Until this point, there was nothing controversial about Mylroie's career. This would change with the bombing of the World Trade Center in 1993, the first act of international terrorism within the United States, which would launch Mylroie on a quixotic quest to prove that Saddam's regime was the most important source of terrorism directed against this country. She laid out her case in Study of Revenge: Saddam Hussein's Unfinished War Against America, a book published by AEI in 2000 which makes it clear that Mylroie and the neocon hawks worked hand in glove to push her theory that Iraq was behind the '93 Trade Center bombing. Its acknowledgements fulsomely thanked John Bolton and the staff of AEI for their assistance, while Richard Perle glowingly blurbed the book as "splendid and wholly convincing." Lewis "Scooter" Libby, now Vice President Cheney's chief of staff, is thanked for his "generous and timely assistance." And it appears that Paul Wolfowitz himself was instrumental in the genesis of Study of Revenge: His then-wife is credited with having "fundamentally shaped the book," while of Wolfowitz, she says: "At critical times, he provided crucial support for a project that is inherently difficult."
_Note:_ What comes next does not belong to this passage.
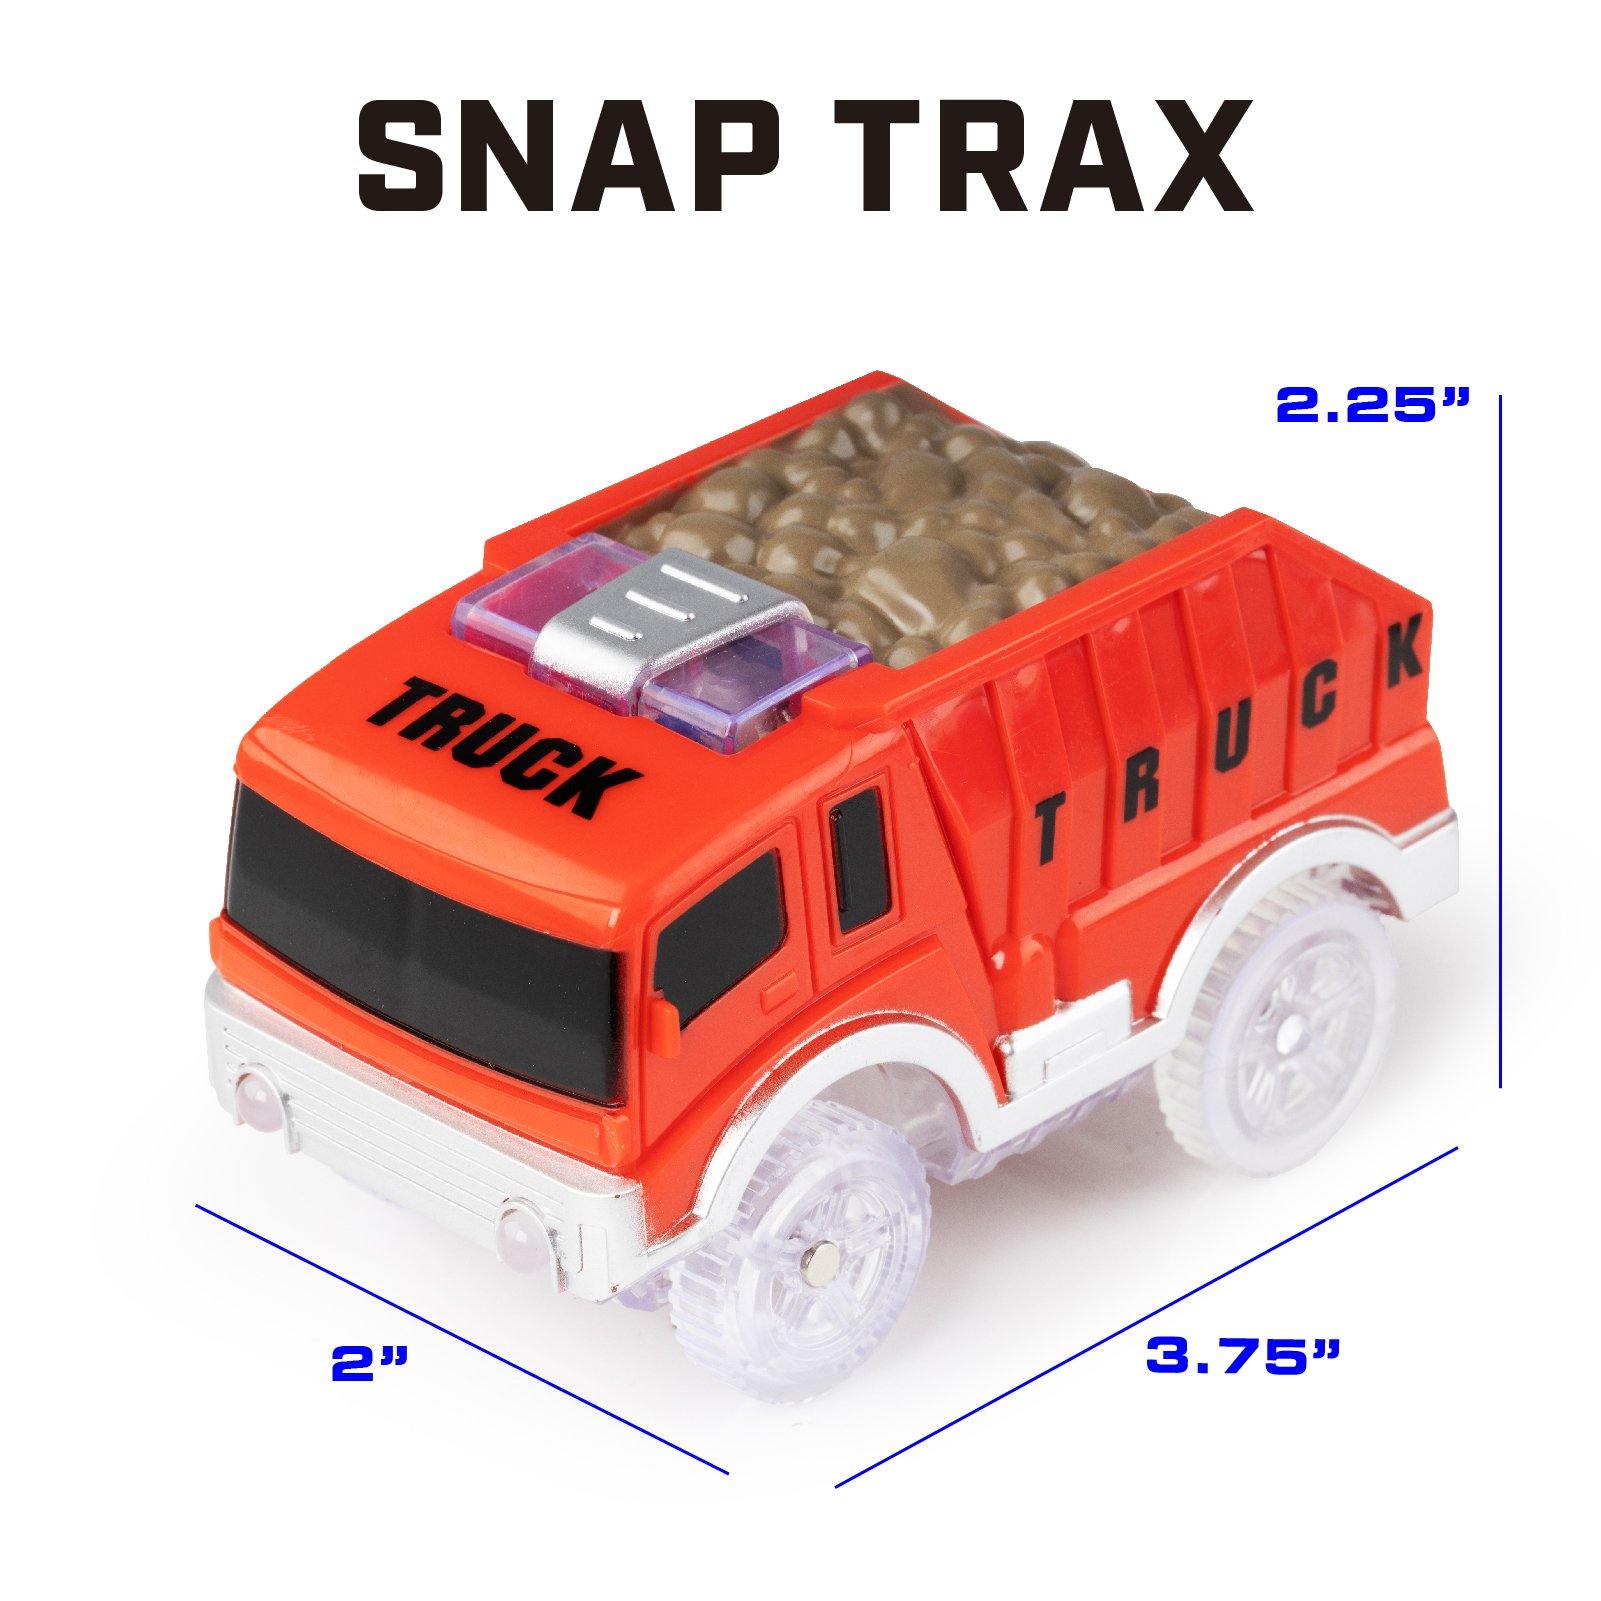 Construction Trax Extra Cars - USA Toyz

None of which was out of the ordinary, except for this: Mylroie became enamored of her theory that Saddam was the mastermind of a vast anti-U.S. terrorist conspiracy in the face of virtually all evidence and expert opinion to the contrary. In what amounts to the discovery of a unified field theory of terrorism, Mylroie believes that Saddam was not only behind the '93 Trade Center attack, but also every anti-American terrorist incident of the past decade, from the bombings of U.S. embassies in Kenya and Tanzania to the leveling of the federal building in Oklahoma City to September 11 itself. She is, in short, a crackpot, which would not be significant if she were merely advising say, Lyndon LaRouche. But her neocon friends who went on to run the war in Iraq believed her theories, bringing her on as a consultant at the Pentagon, and they seem to continue to entertain her eccentric belief that Saddam is the fount of the entire shadow war against America.
Gaffney, in fact, cited Mylroie in 2003 when he first tried peddling this theory in the pages of the Moonie Times.
But did Tweety once--just once--call Frank Gaffney on such egregious and bald-faced lies? 'Course not. Apparently, NBC News division employees don't think that's their job.